━━━━━ Records to use ━━━━━

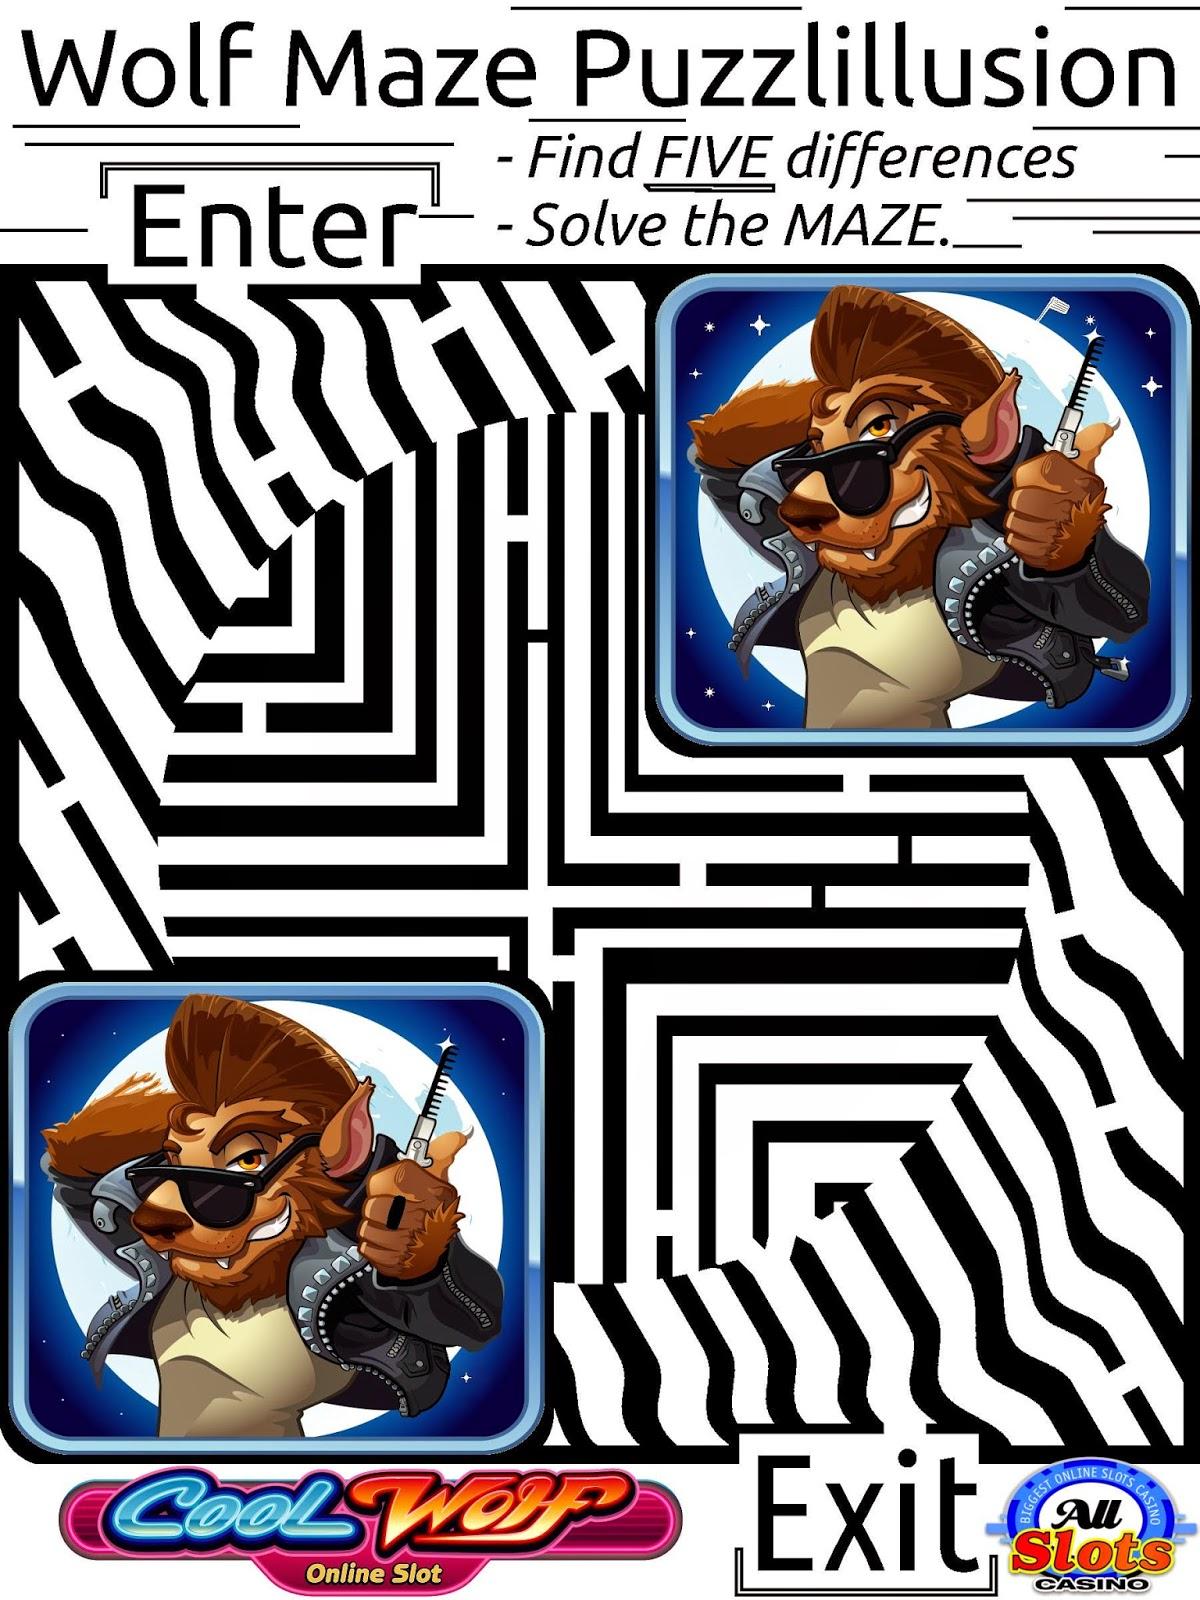 puzzlillusion
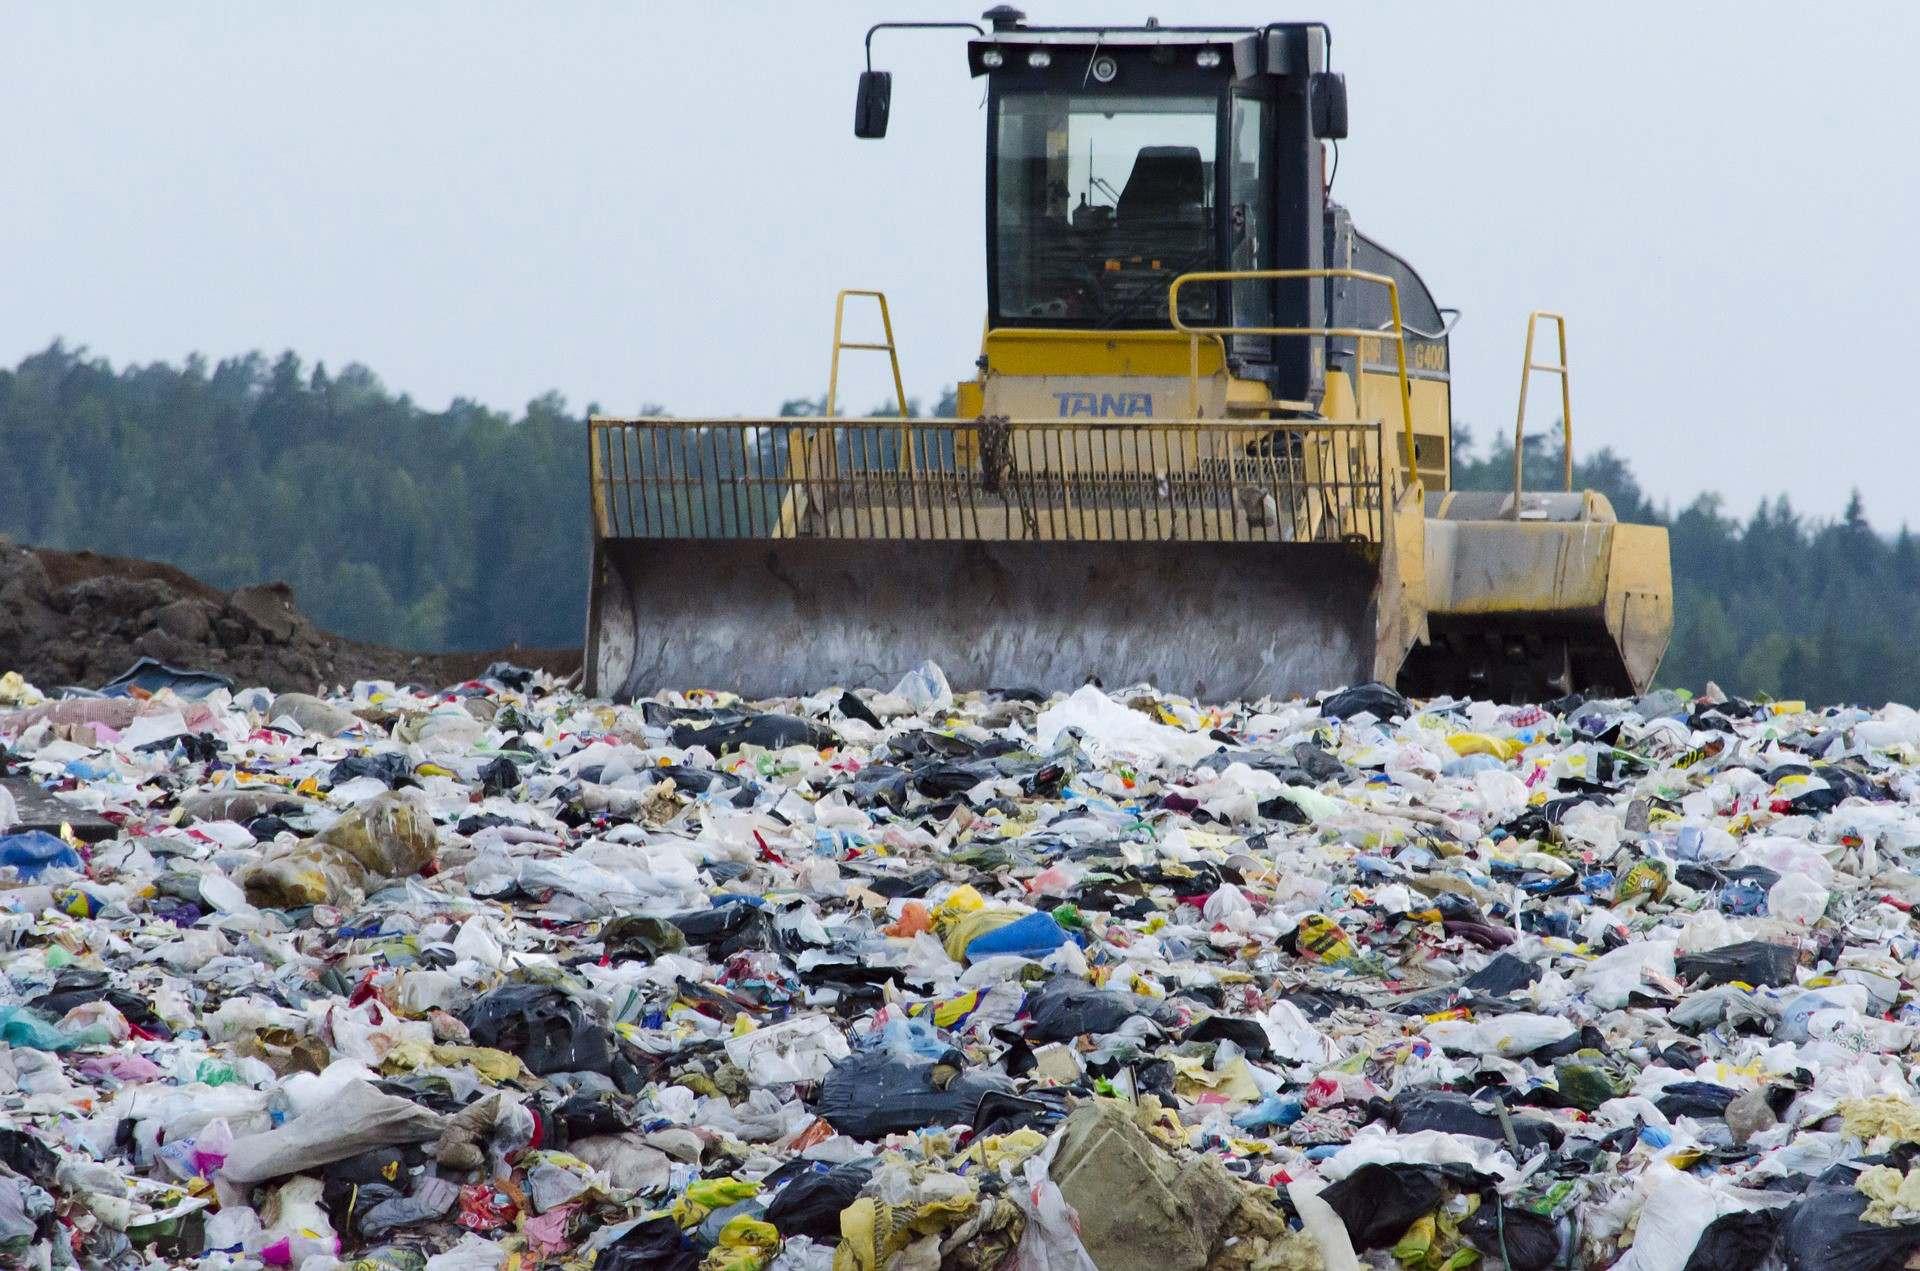 o que é lixo de exemplos, o que é lixo orgânico, o que é lixo wikipedia, quais os tipos de lixo, texto sobre o lixo, classificação do lixo, trabalho sobre o lixo, o lixo no brasil
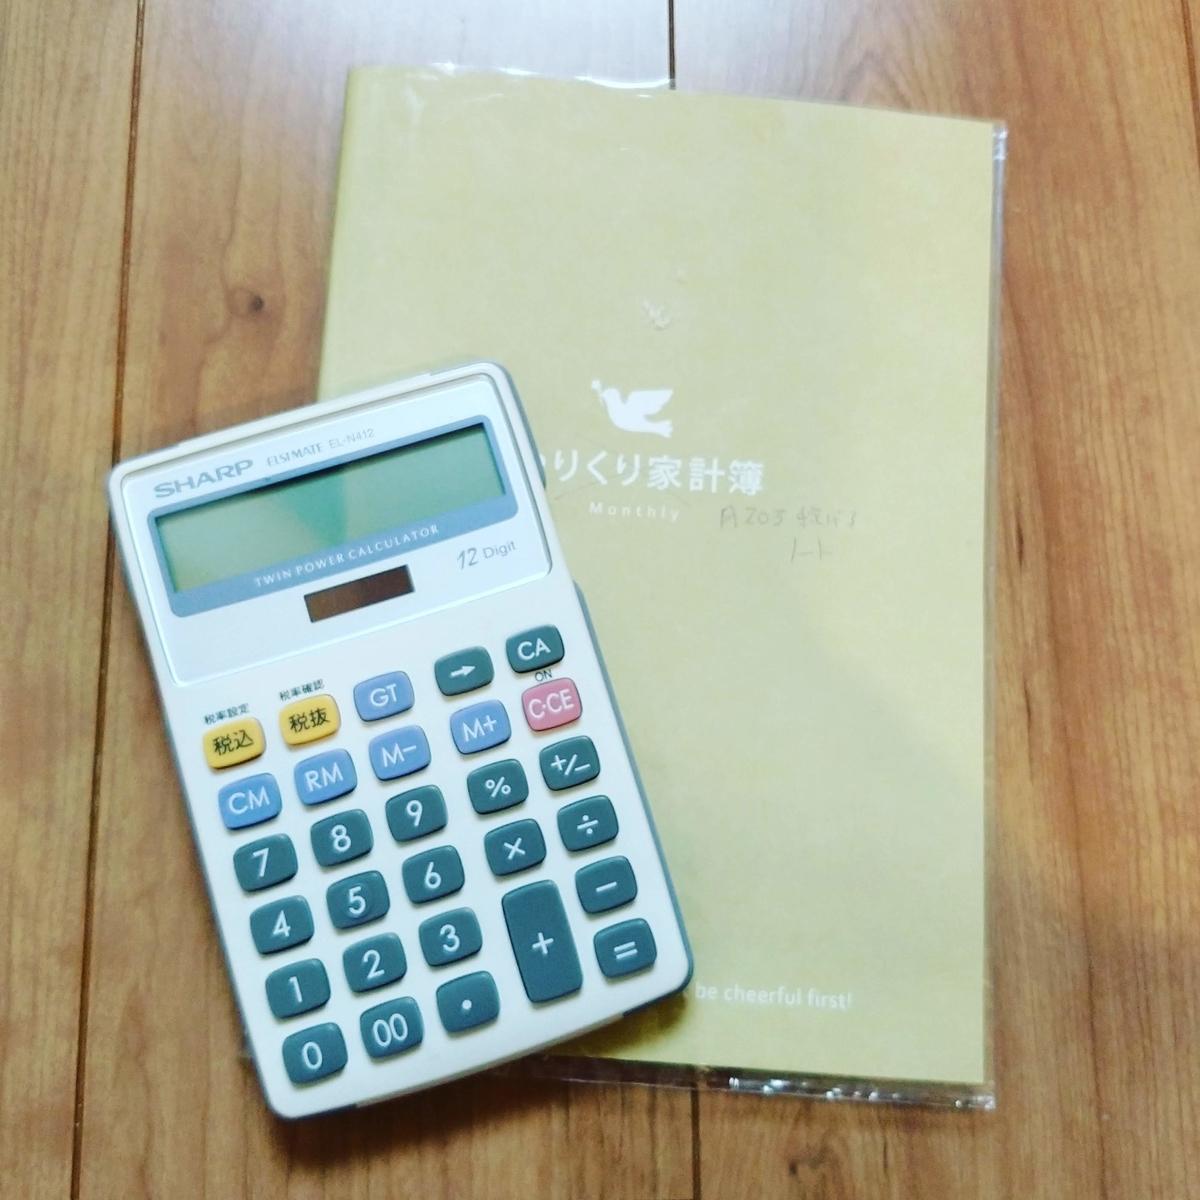 電卓と家計簿の写真
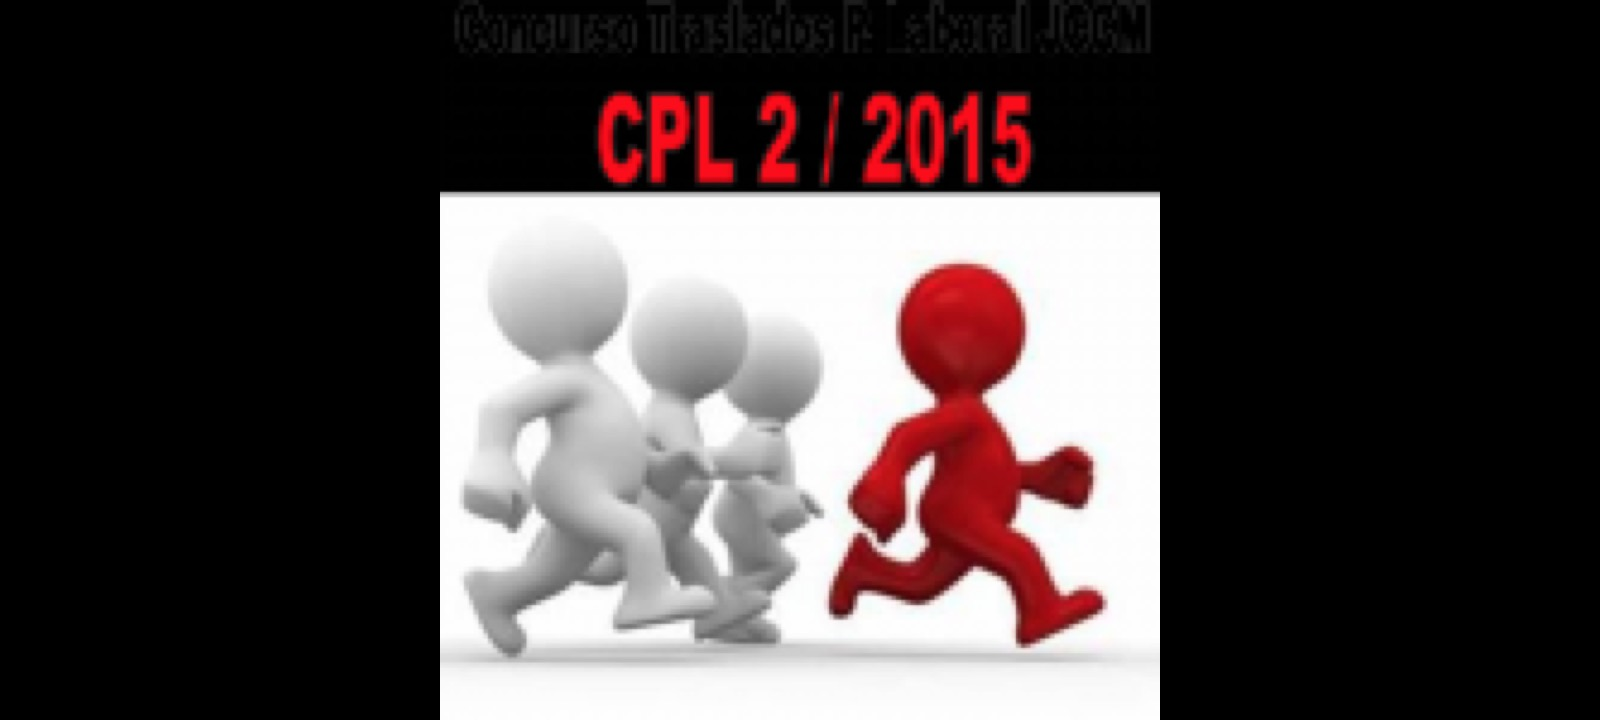 Adjudicación provisional Concurso de Traslados Personal Laboral JCCM CPL 2-2019
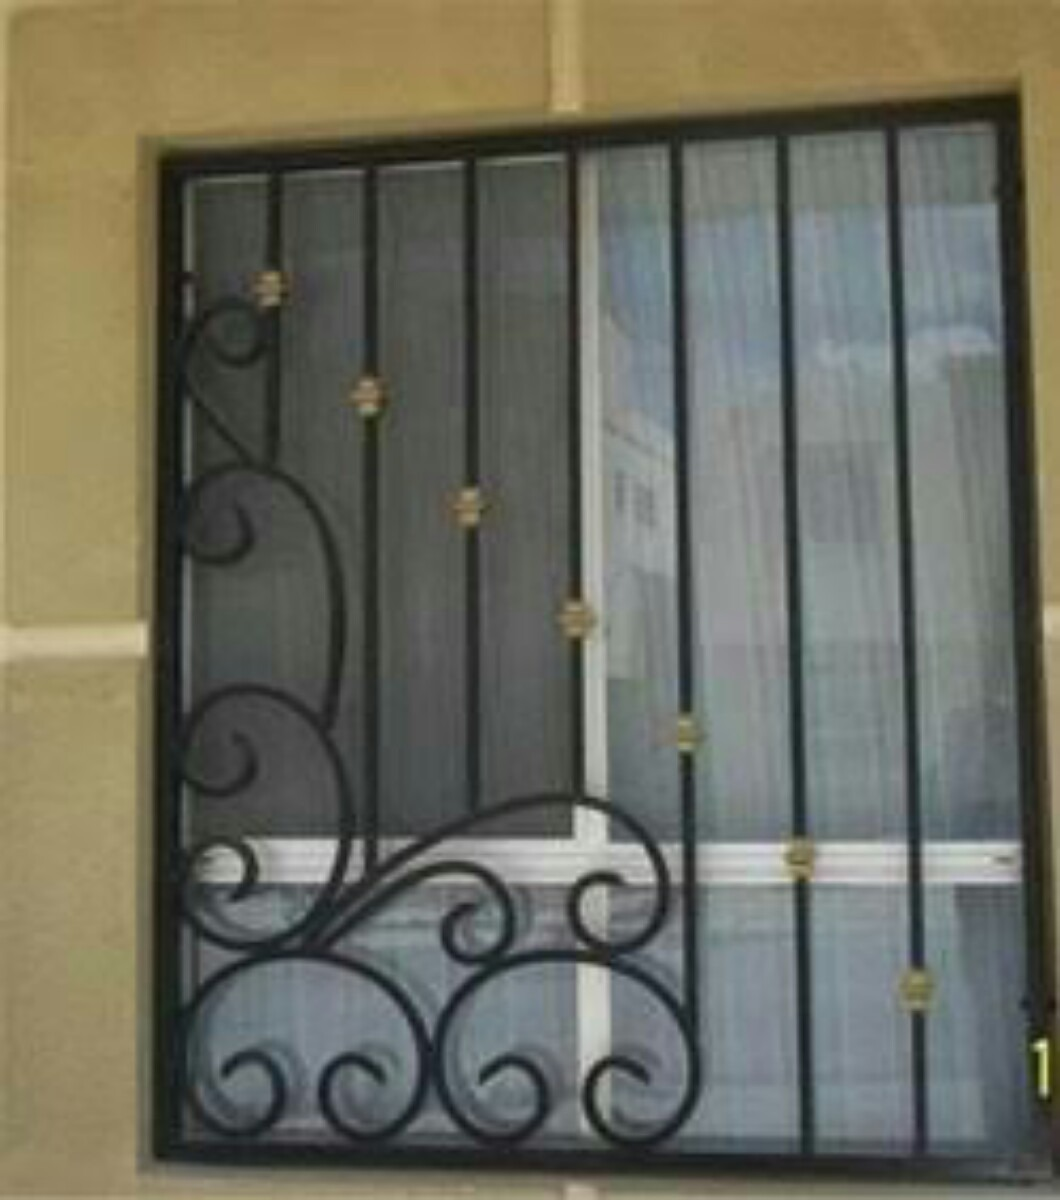 Pritecciones de herreria 1 en mercado libre for Imagenes de puertas de herreria modernas

━━━━━

Word for word, restate every line of the listing, omitting the pictures.

 puzzlillusion
 o que é lixo de exemplos, o que é lixo orgânico, o que é lixo wikipedia, quais os tipos de lixo, texto sobre o lixo, classificação do lixo, trabalho sobre o lixo, o lixo no brasil
 電卓と家計簿の写真
 Adjudicación provisional Concurso de Traslados Personal Laboral JCCM CPL 2-2019
 Pritecciones de herreria 1 en mercado libre for Imagenes de puertas de herreria modernas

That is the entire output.